On traite ceux qui se déplacent autrement qu’en voiture comme des citoyens de deuxième ordre. Ils ont moins de valeur économique.
« On a planifié ces secteurs seulement pour les autos », souligne Mme Morency. Le taux d’occupation des véhicules est aussi « catastrophique », selon Mme Morency. Selon des études réalisées par la Chaire en 2018, un véhicule transportait 1,12 passager lors de l’heure de pointe du matin. « Ce n’est pas les personnes qui créent la congestion, c’est le vide ! »
Parmi les lieux de congestion importants, il y a les écoles. « Aujourd’hui, il y a une systématisation du transport de l’enfant vers l’école. Ça amène des véhicules sur la route et près des écoles. C’est un gros enjeu », explique Mme Morency.
Alternatives
Selon elle, on ne devrait pas mettre les gens dans des boites comme « cyclistes » ou « automobilistes ». « Quand on regarde le futur de la mobilité, il faut travailler à rendre les gens multimodaux. Il faut que chaque individu puisse imaginer qu’il y a plusieurs façons de se déplacer pour différents trajets. »
Au moins une partie des déplacements pourraient se faire en vélo ou à pied, croit Mme Morency. « Mais il faut que ce qu’on leur offre convienne à leurs attentes, qui sont très diversifiées. » Pourtant, il y a plusieurs gains à obtenir en se déplaçant autrement qu’en voiture, explique-t-elle, ne serait-ce que pour la santé.
La solution n’est pas de construire de nouvelles routes, explique Mme Morency. « En automobile, on ne peut pas augmenter indéfiniment l’offre, car dès qu’on augmente l’offre, la demande augmente. » Il faudrait faire l’inverse, croit-elle.
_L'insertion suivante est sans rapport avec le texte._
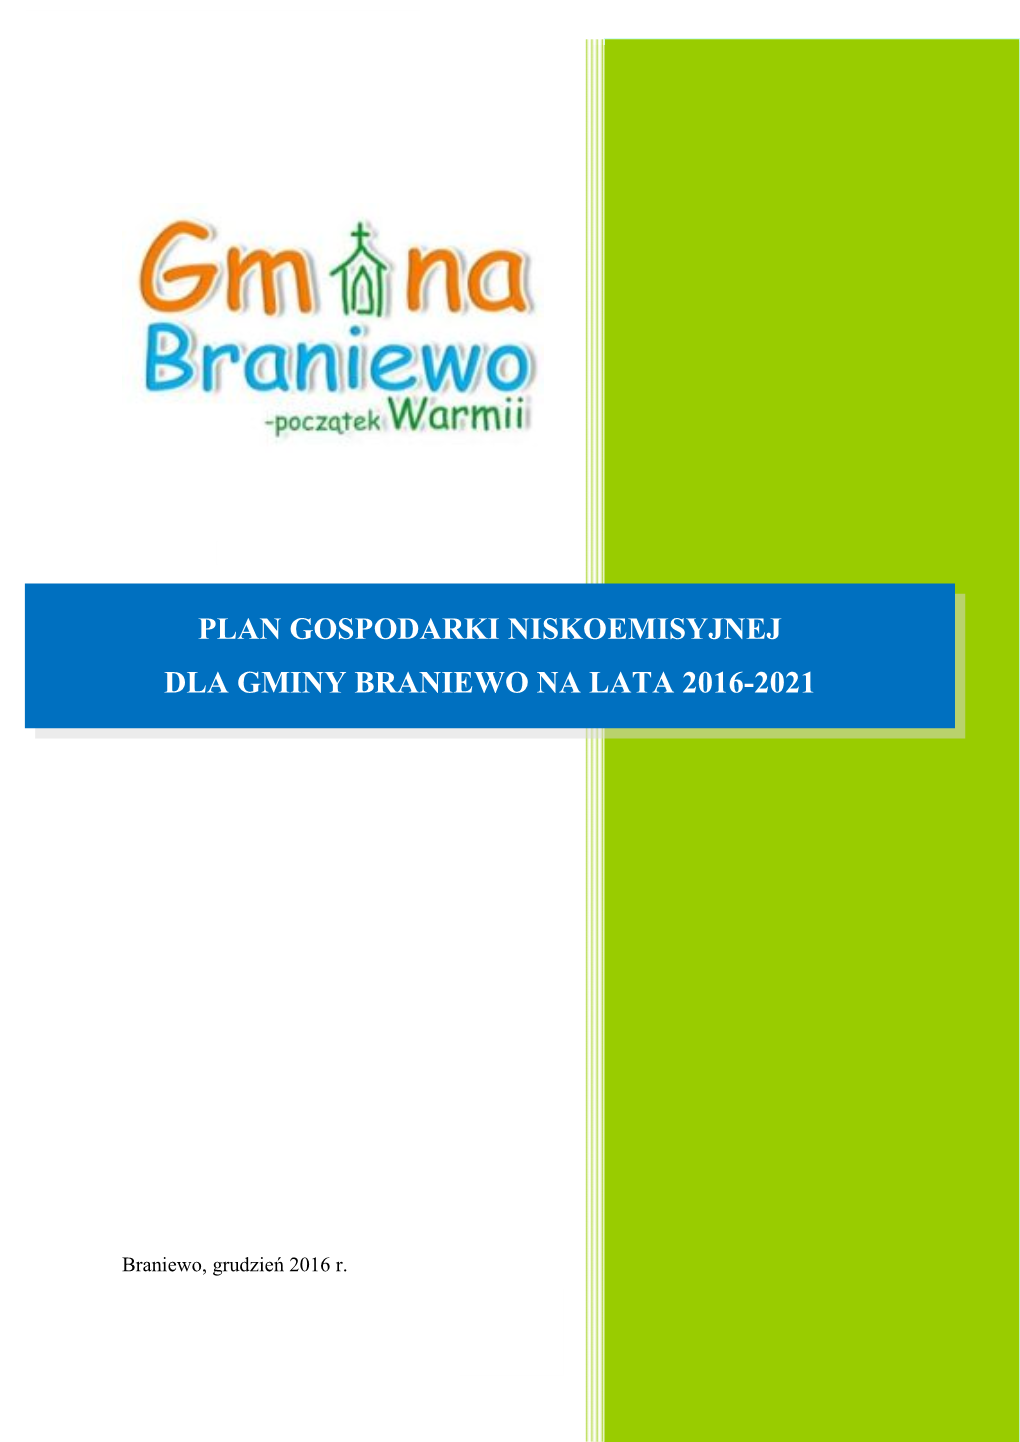 Plan Gospodarki Niskoemisyjnej Dla Gminy Braniewo (Dalej Zwanym PGN) Jest Dokumentem O Charakterze Strategicznym

Le premier pas à faire, soutient Mme Morency, est de ne pas faciliter les déplacements en automobile, puis de miser sur le transport en commun. « Pour implanter un réseau de transport en commun efficace, il faut d’abord qu’on le finance et que ce soit compétitif, en temps, en confort et en coût. » Il faut aussi que, une fois rendu à la destination, il soit possible pour la personne de se déplacer dans la ville.
1 commentaire
L’étalement urbain est créé par l’autorisation des villes à permettre aux promoteurs immobiliers de construire sans limite et qui se foutent bien de la capacité du réseau routier. On veut faire de l’argent avec les taxes et la vente de maisons au détriment de la qualité de vie. Donc, vu qu’il n’y a aucune concertation entre les villes et le provincial, on se retrouve avec un développement résidentiel disproportionné versus la capacité des réseaux routiers. La qualité de vie , initialement recherchée par ces gens qui déménagent en « campagne » est diminuée d’année en année car ces milieux sont vite envahis par cette nouvelle clientèle. Donc, que cela soit à St-Jérôme, St-Sauveur, Prévost ou Ste-Adèle le trafic s’installe et devient une nouvelle réalité qui tranquillement , devient la normalité.